Task to carry out> The answer must be an exact reprint of the lines from the one with "Cameroon's Fiscal Policy and Economic Growth" through the final line of the data, with no pictures included.
[Opening Supplied material section]
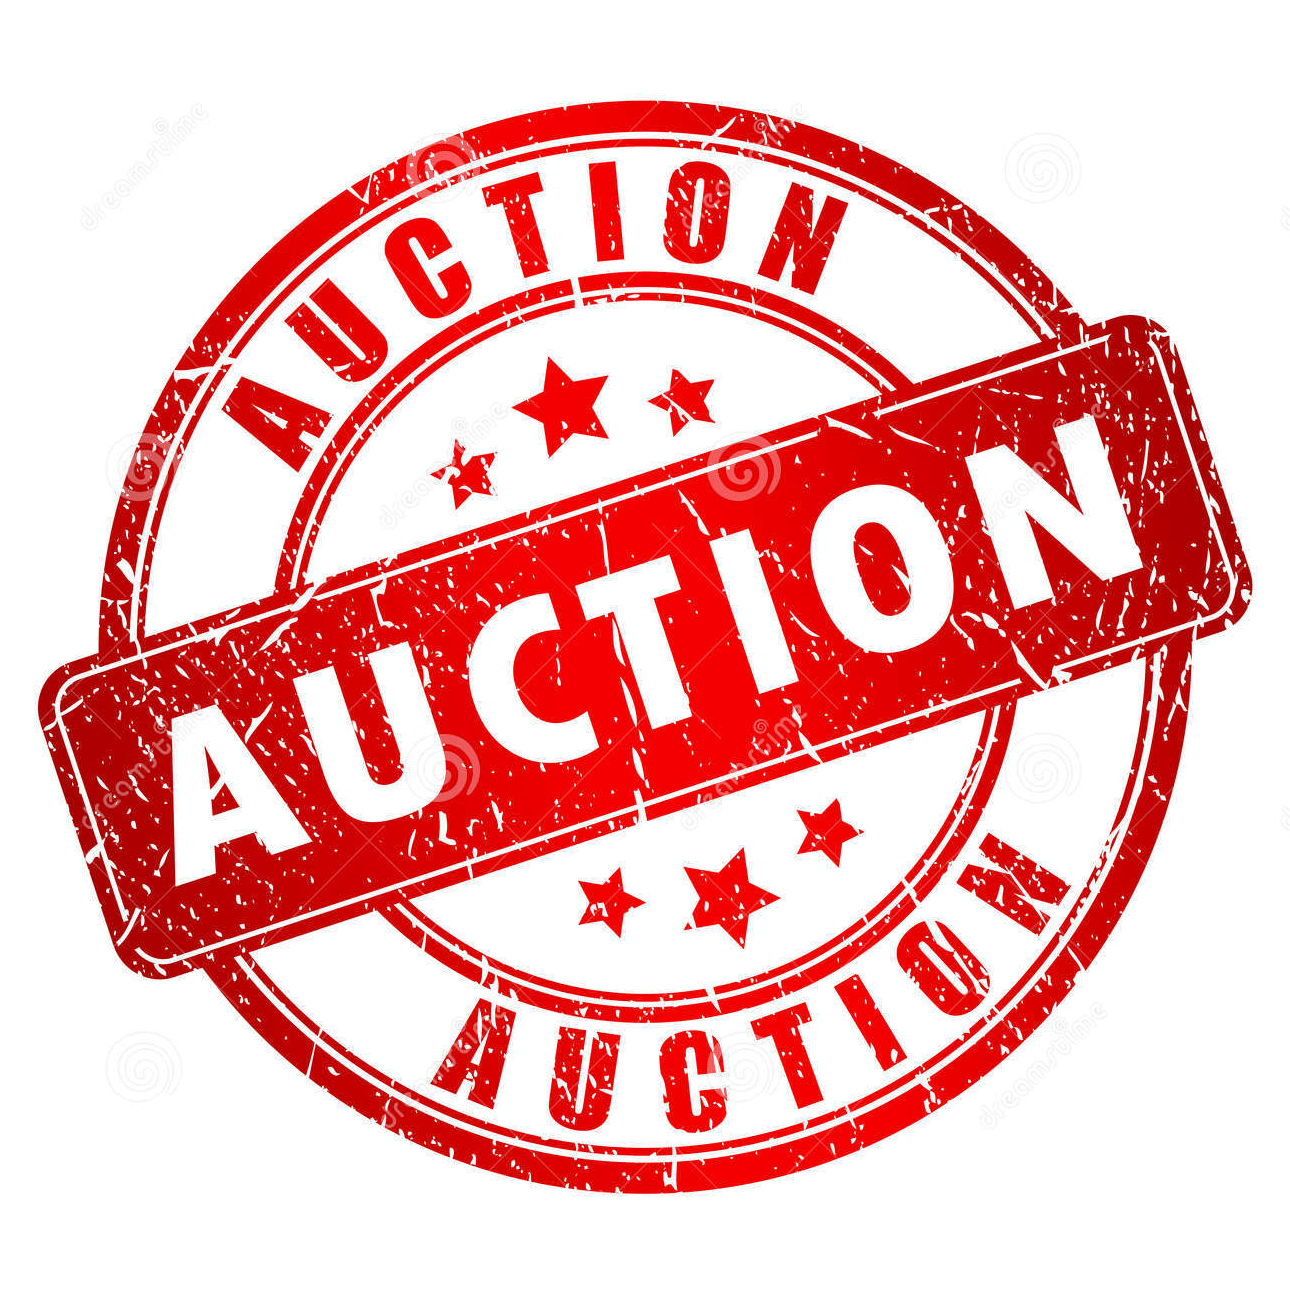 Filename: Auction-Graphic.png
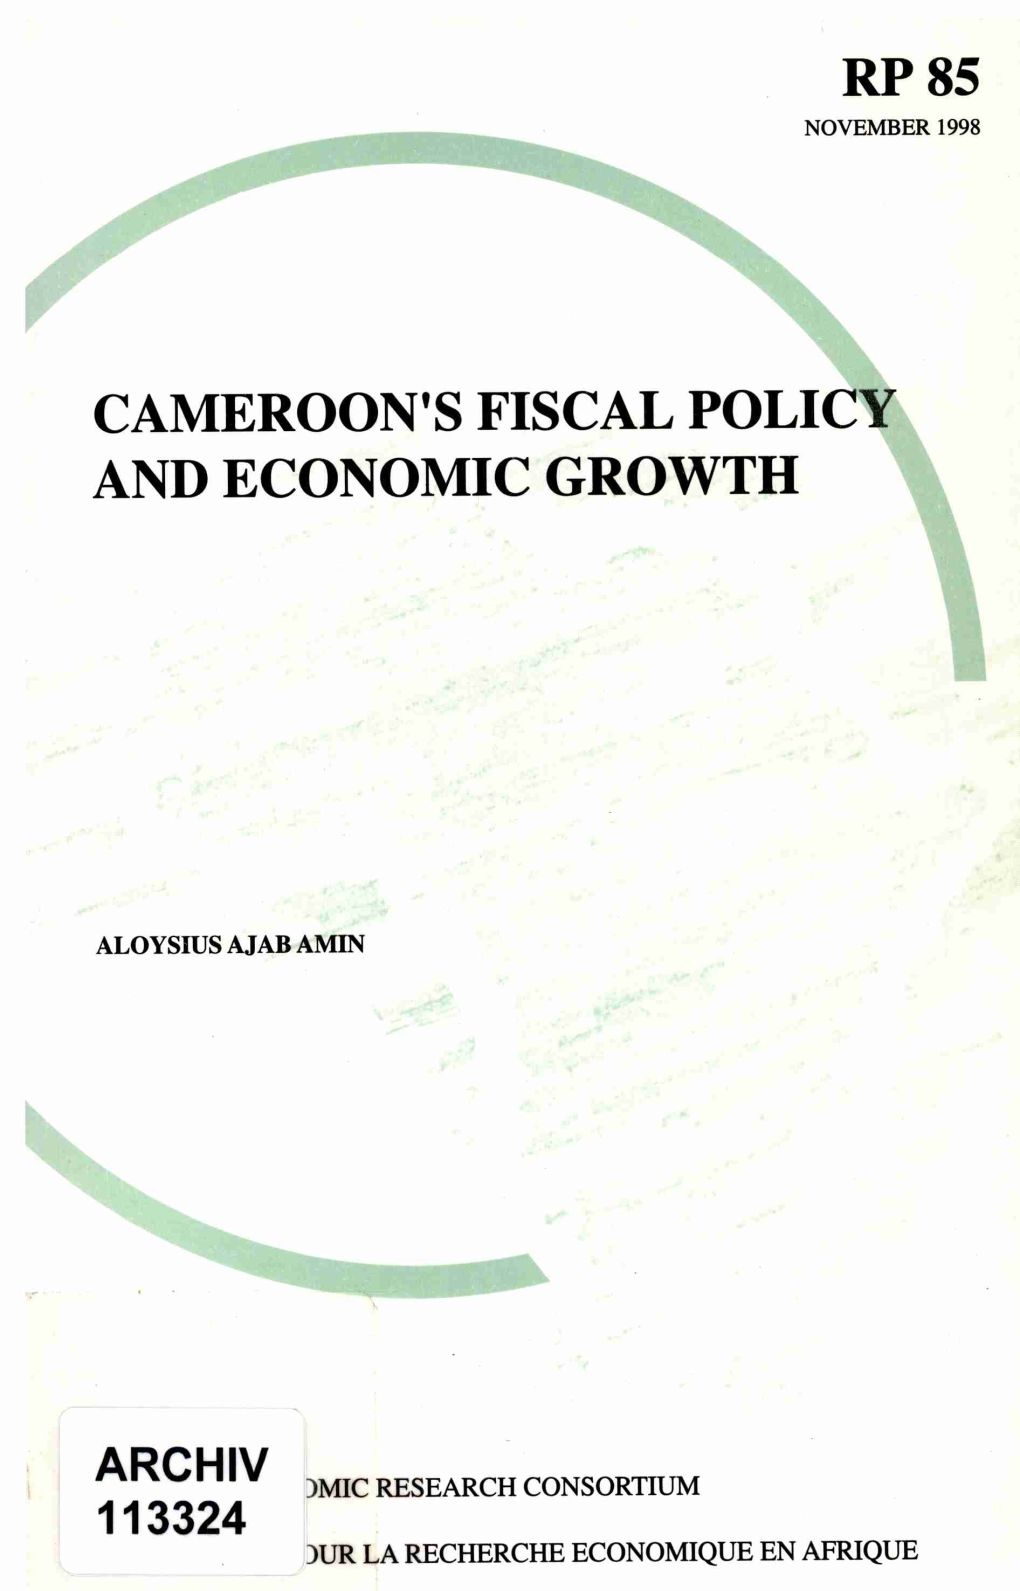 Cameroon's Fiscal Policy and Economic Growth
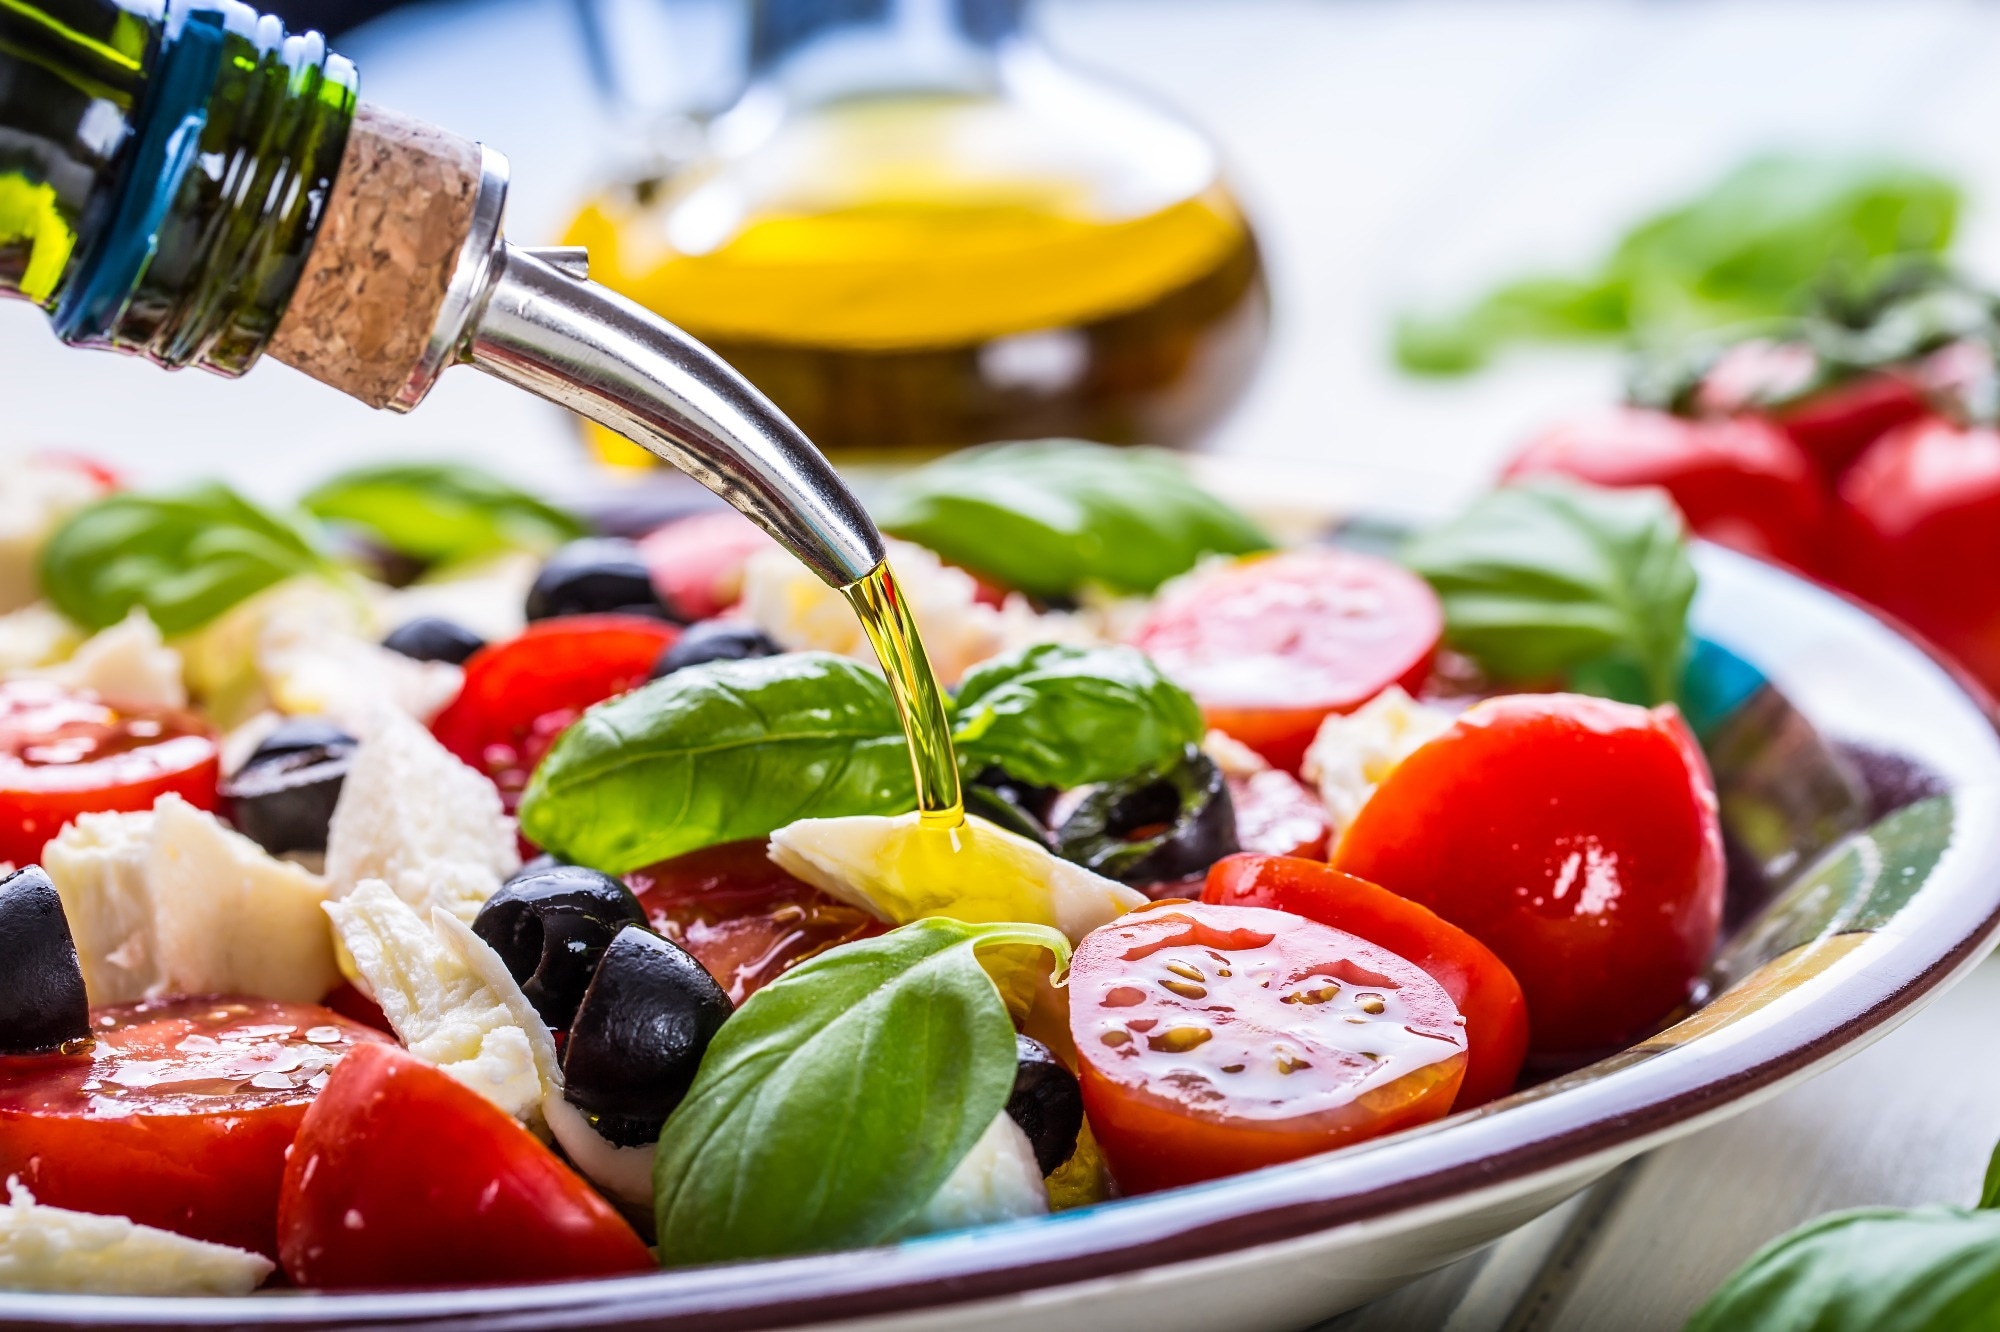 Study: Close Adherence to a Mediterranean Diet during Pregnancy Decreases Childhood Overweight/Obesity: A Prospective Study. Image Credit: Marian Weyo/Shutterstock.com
[Closing Supplied material section]
Solution>
 Cameroon's Fiscal Policy and Economic Growth
 Study: Close Adherence to a Mediterranean Diet during Pregnancy Decreases Childhood Overweight/Obesity: A Prospective Study. Image Credit: Marian Weyo/Shutterstock.com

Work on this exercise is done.